Even before it opened, the line had problems. Plans to extend the western end of this line via a proposed 'London Main Trunk Railway', underneath Hampstead Road, the Metropolitan Railway (modern Circle line) and Tottenham Court Road, to Charing Cross were rejected by Parliament in 1864. Instead it was decided to terminate the line at Gospel Oak. The line opened in 1868 with the Great Eastern Railway operating a service between Highgate Road and Fenchurch Street via Tottenham.

With a very indirect route into central London at one end and no interchange at all at the other, the service was a commercial failure and the planned link to Gospel Oak was never completed. The service ceased operation entirely in January 1870 and a local act, the Tottenham and Hampstead Junction Railway (Abandonment) Act 1870 (33 & 34 Vict. c. cix) was passed in August abandoning the railway in its original form.

During 1870, a branch was constructed to Kentish Town and the line reopened as part of the Midland Railway in October, initially running between Moorgate and Crouch Hill via Kentish Town.
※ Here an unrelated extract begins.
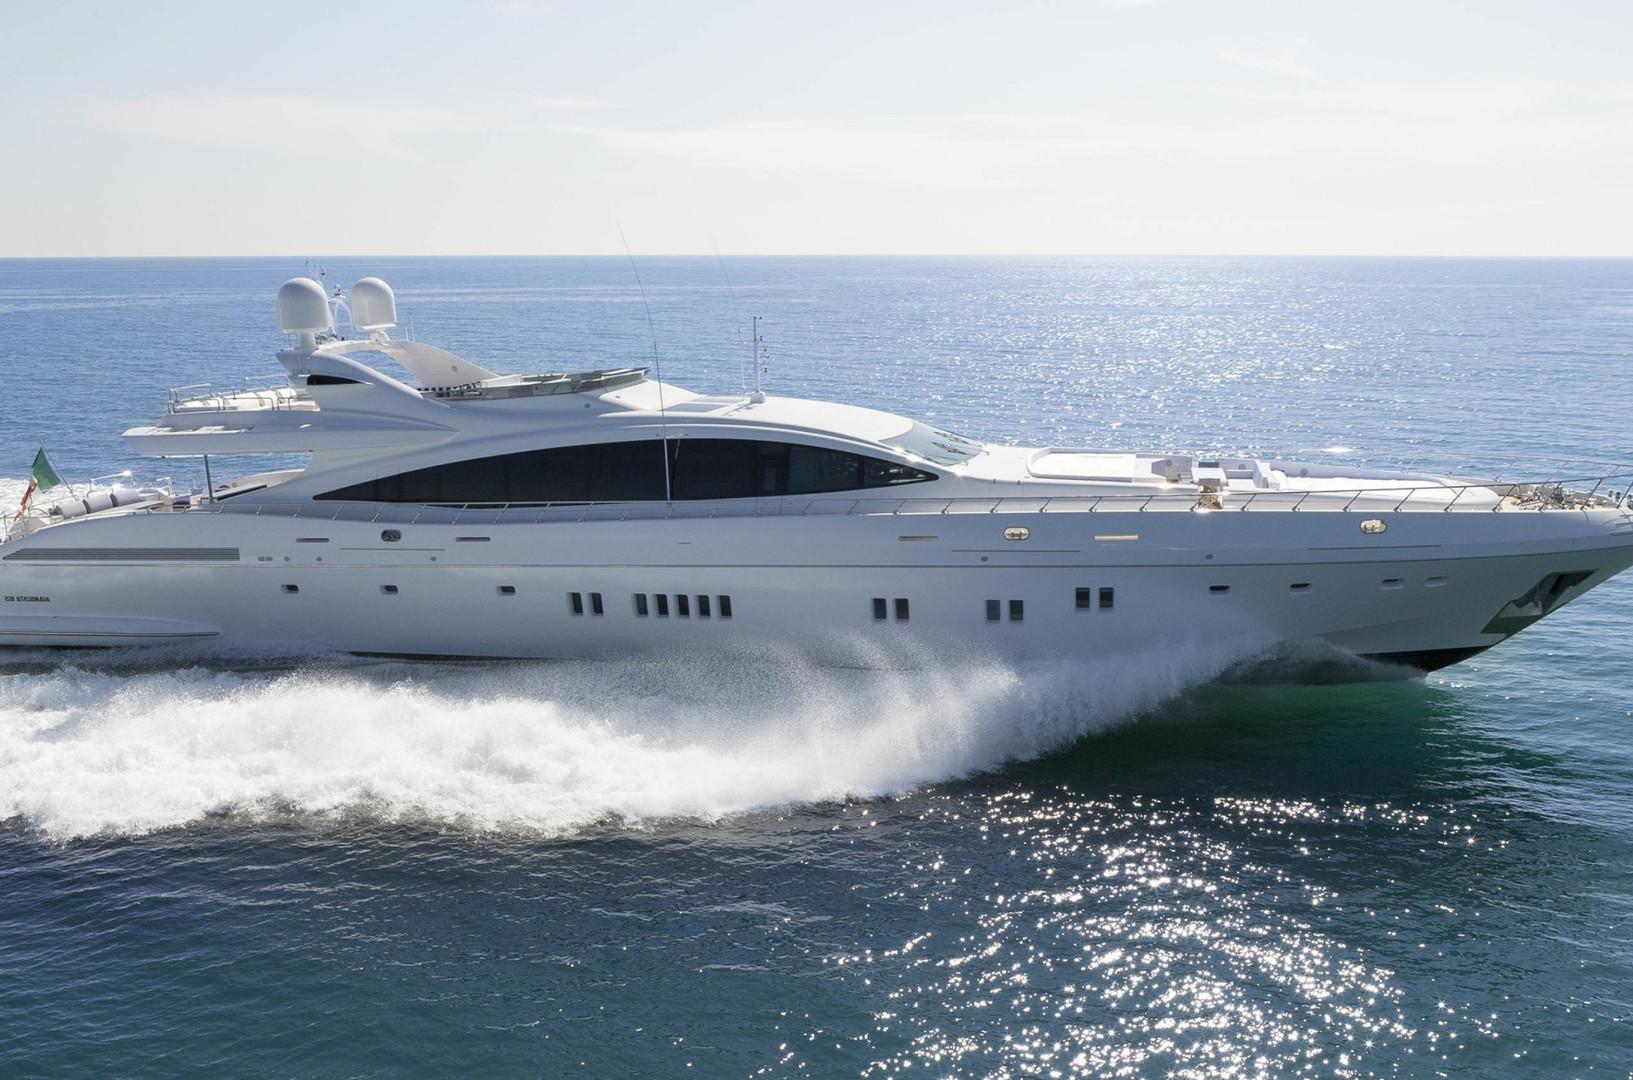 Yacht DA VINCI - 50m Mangusta on charter from Monaco, heading down to St. Tropez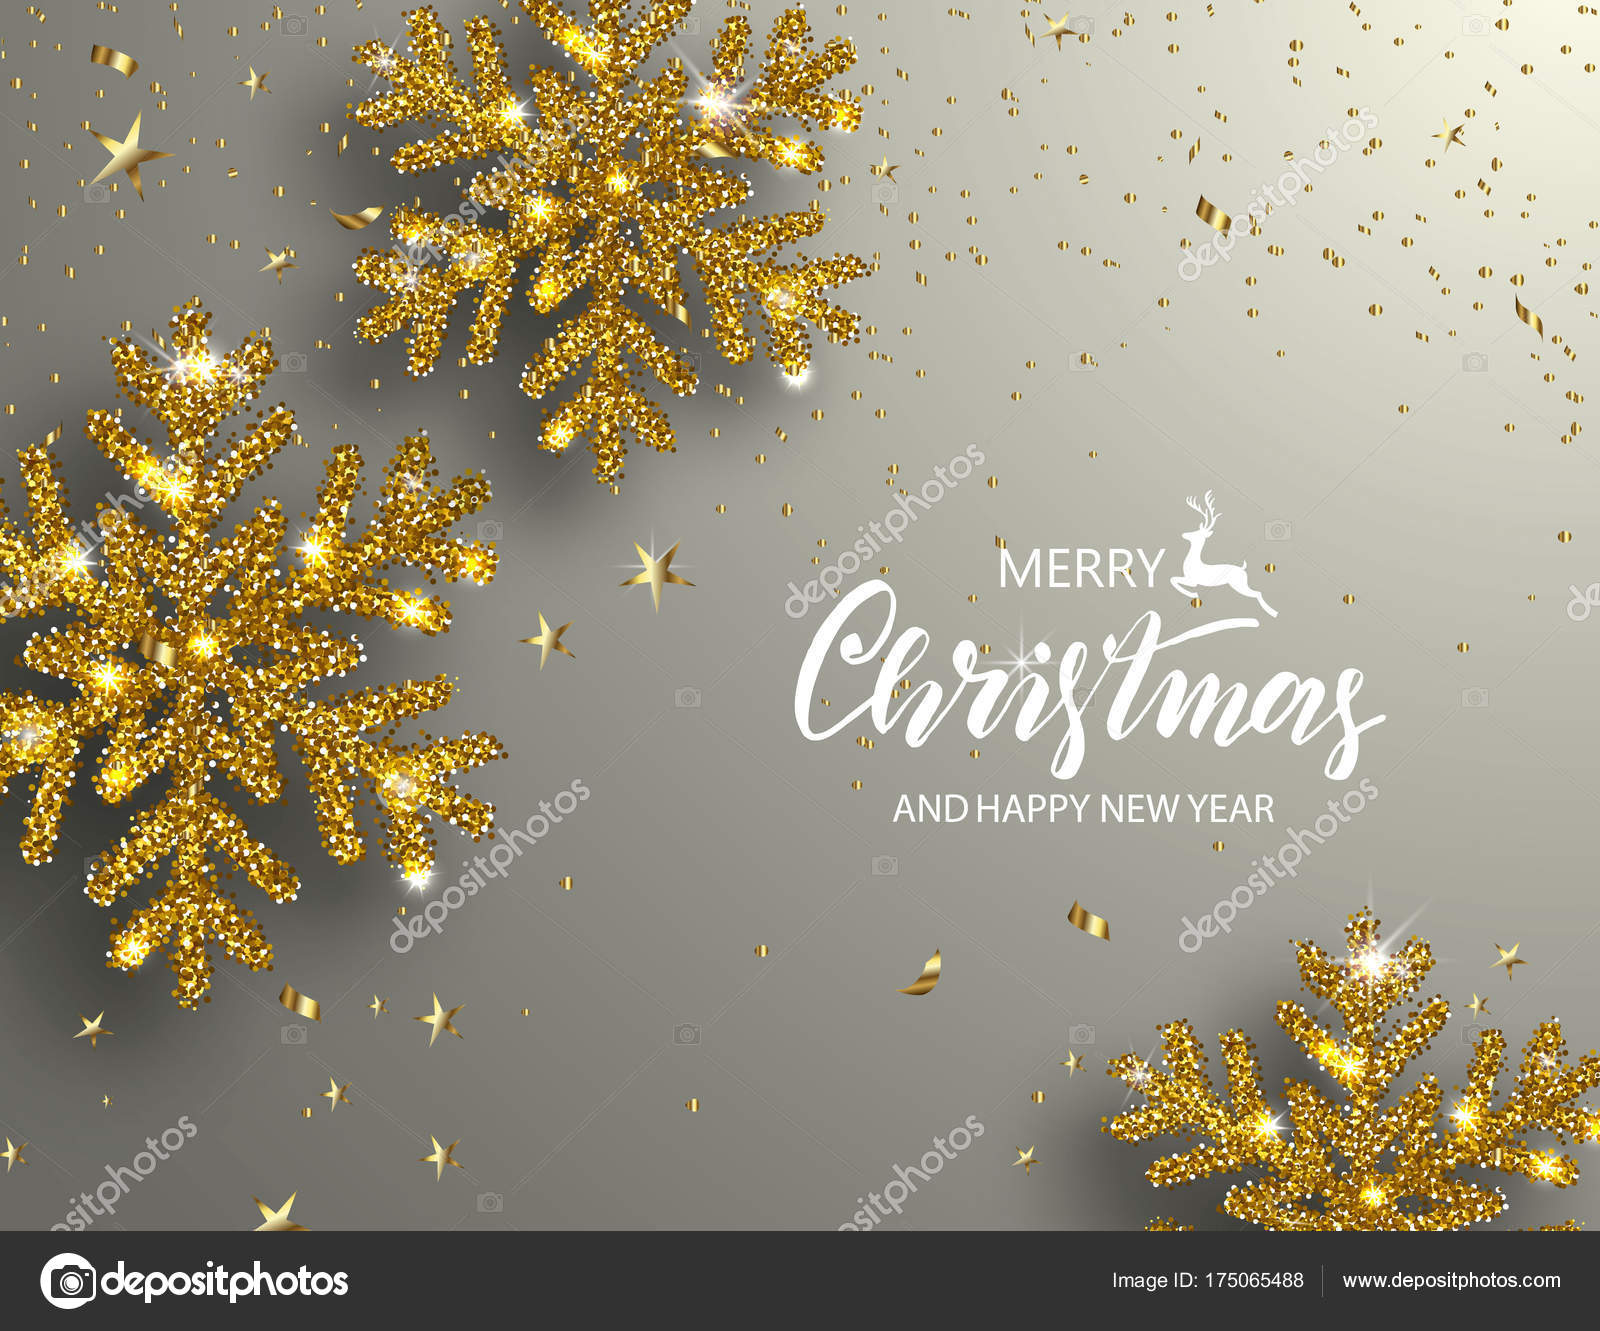 Elegant Christmas Background Hd.Elegant Christmas Background With Shining Gold Snowflakes

In 1872 this was extended to South Tottenham & Stamford Hill. This provided an interchange with the Palace Gates Line. A number of new stations were opened, many of them close to existing stations. Most of these were closed in the 1940s.

In 1888, the line was extended to Gospel Oak (as originally planned) although the Kentish Town branch remained the primary route and the Gospel Oak link was abandoned in 1926.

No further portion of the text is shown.